A maior parte da população já tinha imunidade e mesmo assim houve uma grande
epidemia”, diz Sabino à Agência Fapesp.
A
pesquisa teve apoio da Fapesp e está em processo de revisão por pares.
Análises
feitas pelo grupo em mais de 900 amostras coletadas no mesmo laboratório de
Manaus, entre elas as 184 que foram sequenciadas, indicam que a carga viral
presente na secreção dos pacientes foi aumentando à medida que a variante P.1.
tornou-se mais prevalente.
De
acordo com Sabino, é comum no início de uma epidemia a carga viral dos
infectados ser mais alta e baixar com o tempo. Por esse motivo, os
pesquisadores não sabem ao certo se o aumento observado nas amostras analisadas
pode ser explicado por um fator meramente epidemiológico ou se, de fato, ele
indica que a P.1. consegue se replicar mais no organismo humano do que a
linhagem anterior. “Essa segunda opção parece bastante provável e explicaria
por que a transmissão da nova cepa é mais rápida”, comenta a pesquisadora.
Outro
estudo divulgado também na sexta-feira (27/02) por pesquisadores da Fundação
Oswaldo Cruz (Fiocruz) Amazônia indica que em indivíduos infectados com a P.1.

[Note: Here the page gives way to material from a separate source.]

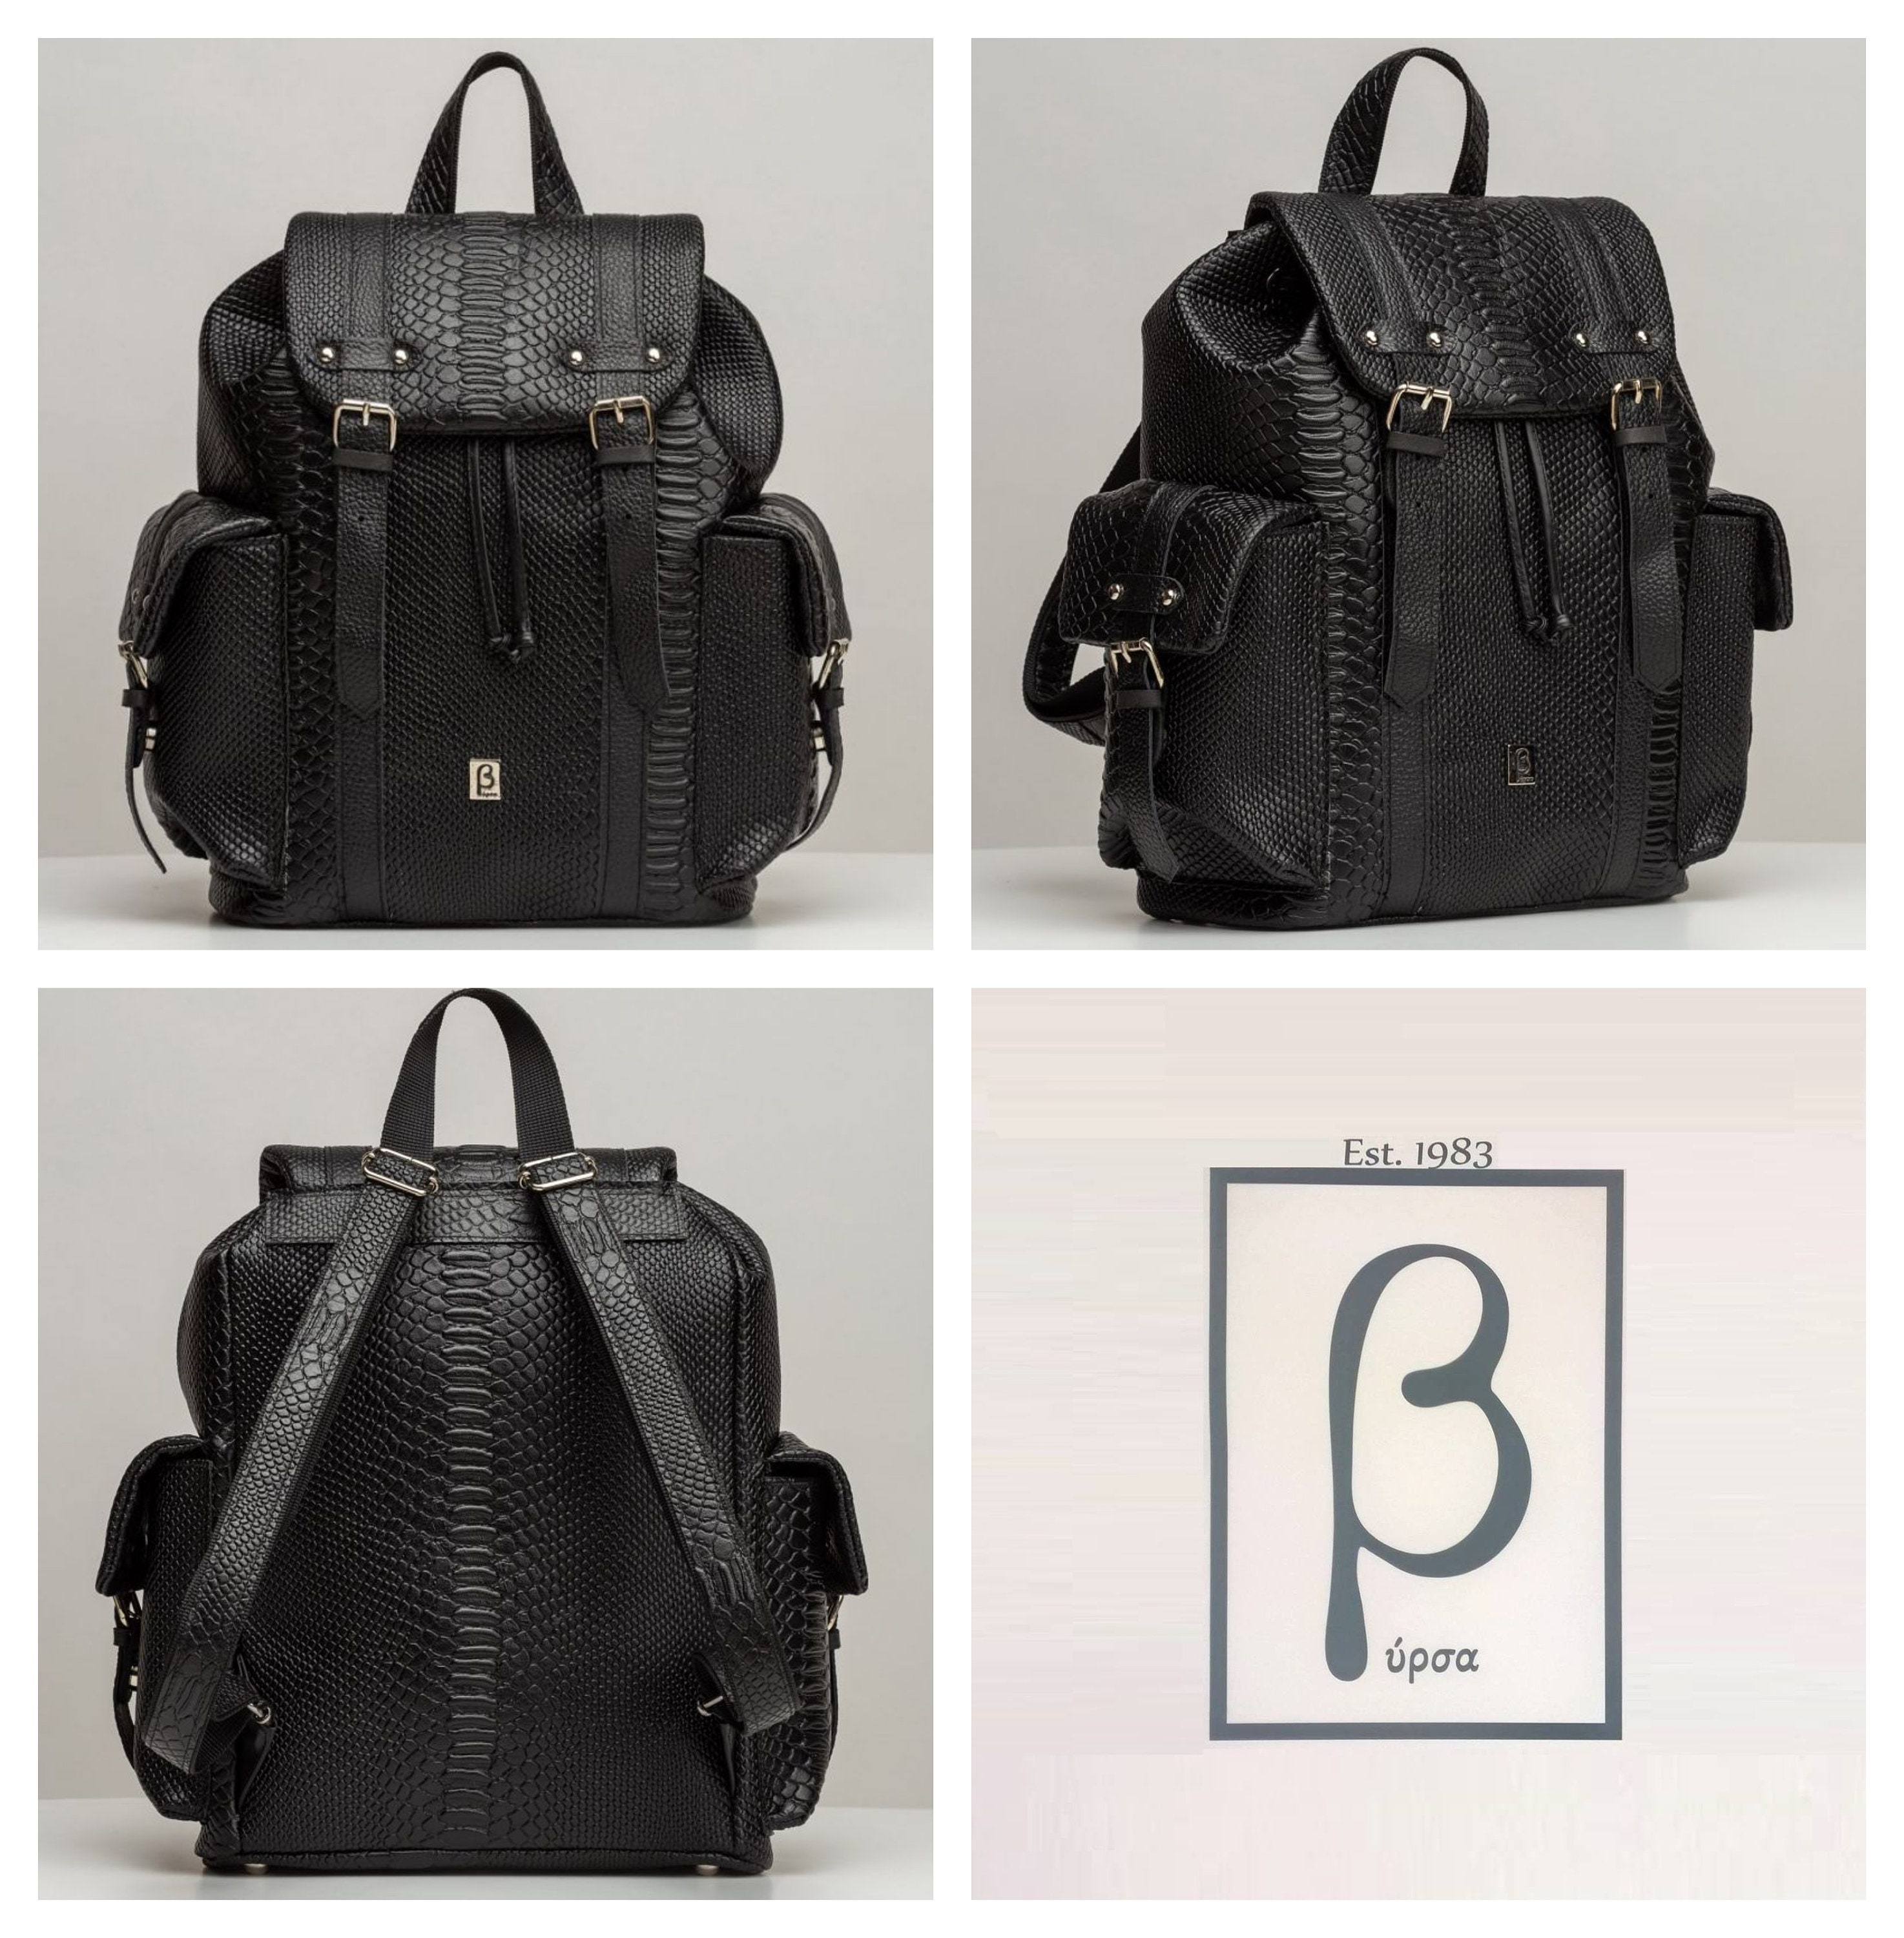 Black Snake Skin Style Leather Backpack Black Calfskin Women

a carga viral no organismo pode ser até dez vezes mais alta.
No
artigo do CADDE, os pesquisadores relatam que, até 24 de fevereiro de 2021, a
variante P.1. já havia sido detectada em seis Estados brasileiros, que ao todo
receberam 92 mil passageiros aéreos de Manaus em novembro de 2020. Desses, a
maior parte teve São Paulo como destino (pouco mais de 30 mil). Na sequência
vieram outras cidades do Amazonas, Pará, Rondônia, Ceará e Roraima. Segundo os
autores, portanto, é provável que tenha havido múltiplas introduções da nova
variante nesses Estados.
MUTAÇÕES-CHAVE
O
sequenciamento do genoma viral das 184 amostras foi feito com uma tecnologia
conhecida como MinION, que por ser portátil e barata possibilita fazer estudos
que ajudam a entender o processo de evolução do vírus.
Por
uma técnica genômica chamada relógio molecular, os pesquisadores concluíram que
a P.1. descende da cepa B.1.128, que foi identificada pela primeira vez em
Manaus em março de 2020. Quando comparada à linhagem-mãe, a variante P.1.
apresenta 17 mutações, sendo dez na proteína spike – usada pelo vírus para se
conectar com a proteína ACE-2 existente na superfície das células humanas e
viabilizar a infecção.
Três
mutações são consideradas mais importantes – a N501Y, a K417T e a E484K –, pois
se localizam na ponta da proteína spike, em uma região conhecida como RBD
(sigla em inglês para domínio de ligação ao receptor). É nesse local que ocorre
a ligação entre o vírus e a célula humana.
Segundo
Sabino, essas três mutações-chave são idênticas às encontradas na variante mais
transmissível reportada na África do Sul (B.1.351). Já a variante de
preocupação descoberta no Reino Unido (B.1.1.7.) apresenta apenas a mutação
E484K na região RBD. Para os autores, os dados indicam ter havido um processo
de evolução convergente, ou seja, determinadas mutações que conferem vantagem
ao vírus surgiram paralelamente em linhagens de diferentes regiões geográficas.
Por seleção natural essas variantes foram se sobressaindo às linhagens
anteriormente predominantes nesses locais.
No
caso da P.1., relatam os autores, houve um período de rápida evolução molecular
e ainda não se sabe por quê. “Surgiram de repente várias mutações que facilitam
a transmissão do vírus, algo incomum. Para se ter ideia, a cepa P.2., que
também descende da B.1.128, apresenta apenas uma mutação desse tipo”, conta
Sabino.
Uma
das possíveis explicações para o fenômeno, segundo a pesquisadora, é o vírus
ter tido mais tempo para evoluir ao infectar um paciente com o sistema imune
comprometido.
“Até
que vacinas eficazes estejam disponíveis para todos, as intervenções não
farmacológicas [distanciamento social, uso de máscara e higiene das mãos]
continuam sendo necessárias e importantes para reduzir a emergência de novas
variantes”, ressaltam os pesquisadores do CADDE.